[REQUIREMENT]: Using the listing below, output only the lines from the one that contains "Angela Oduor Lungati, Executive" through the one that contains "contest/logo_cressi_since1946_blu_rev01.jpg", inclusive, exactly as given and without images.

[SOURCE MATERIAL]:
════════════════
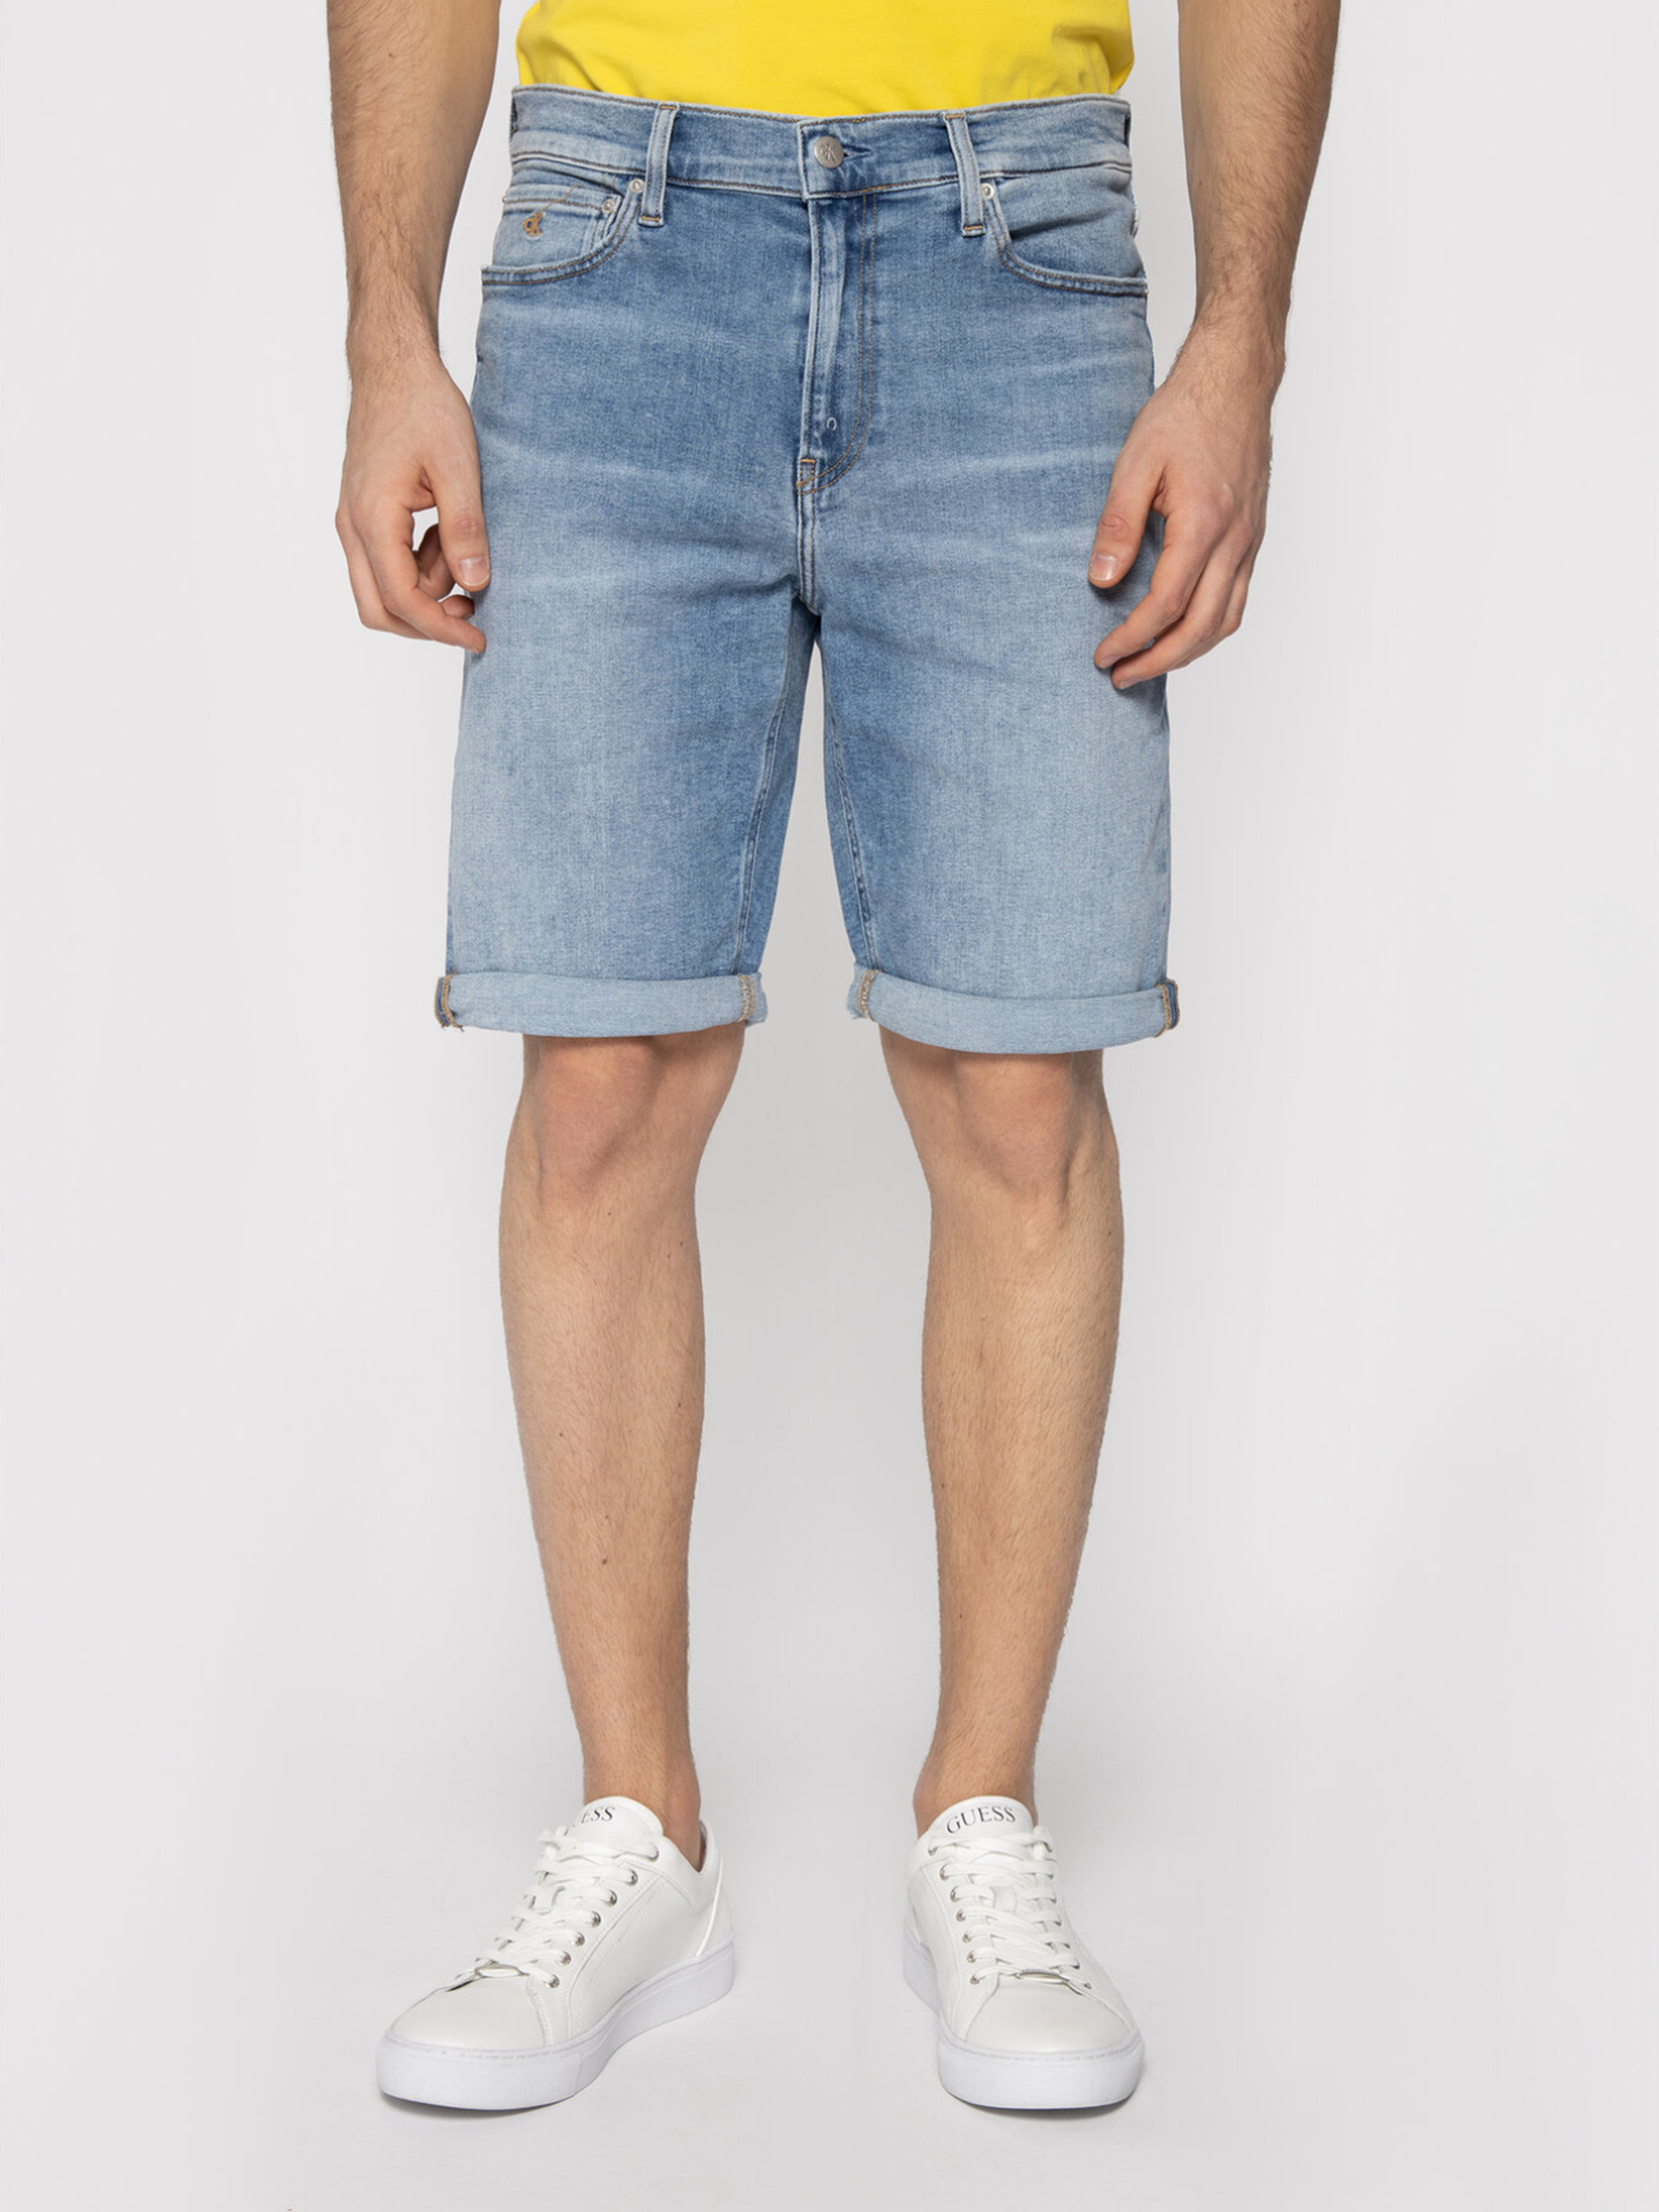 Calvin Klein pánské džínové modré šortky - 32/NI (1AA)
════════════════
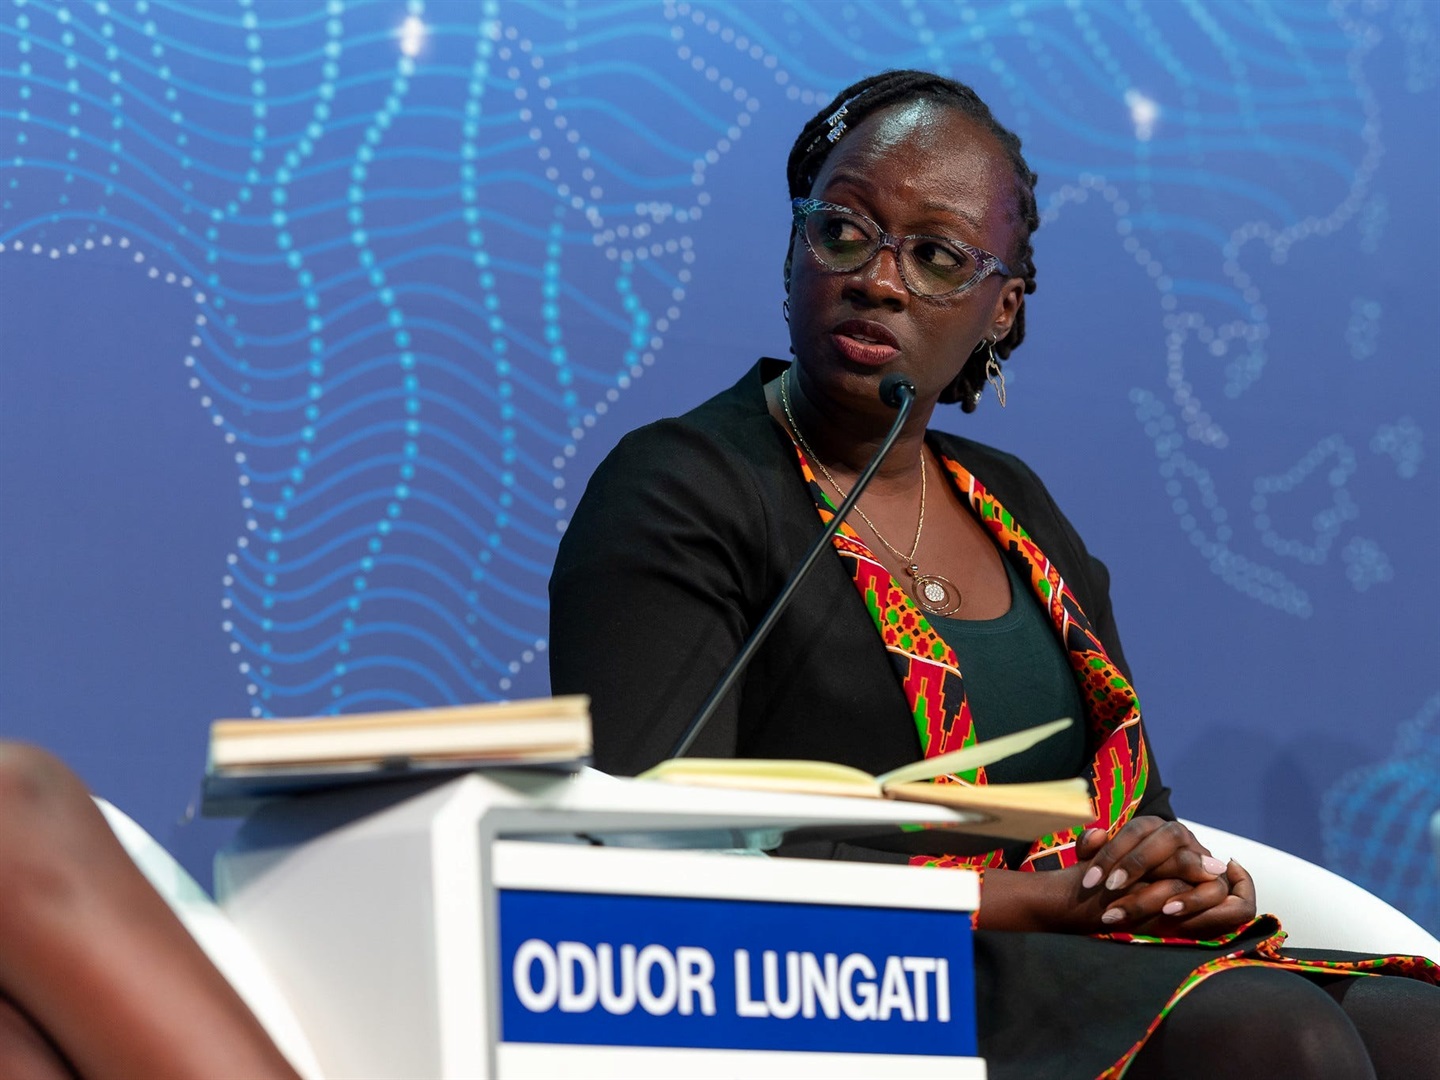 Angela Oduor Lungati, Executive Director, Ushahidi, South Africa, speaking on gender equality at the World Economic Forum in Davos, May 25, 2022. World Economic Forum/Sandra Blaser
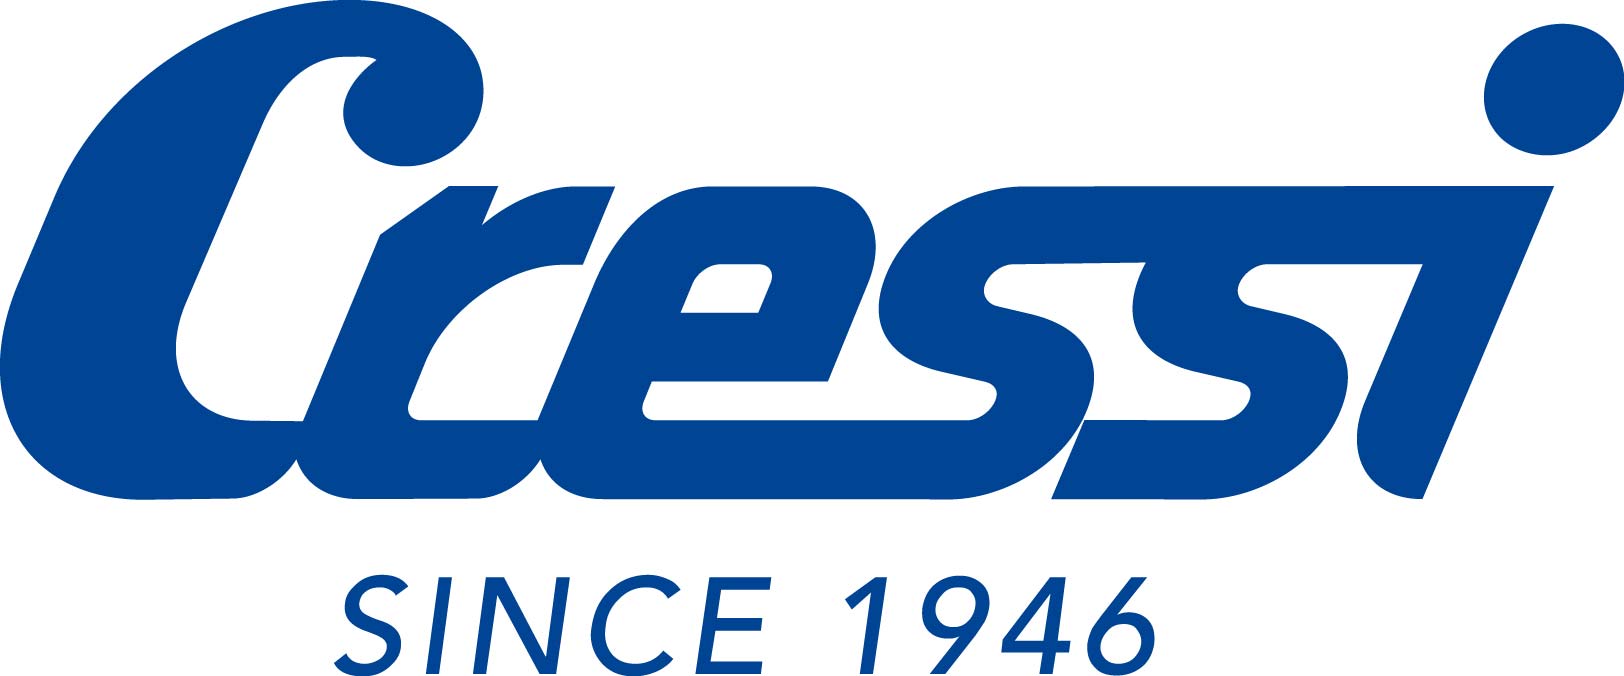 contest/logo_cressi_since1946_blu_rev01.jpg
════════════════
[WORKED SOLUTION]:
 Angela Oduor Lungati, Executive Director, Ushahidi, South Africa, speaking on gender equality at the World Economic Forum in Davos, May 25, 2022. World Economic Forum/Sandra Blaser
 contest/logo_cressi_since1946_blu_rev01.jpg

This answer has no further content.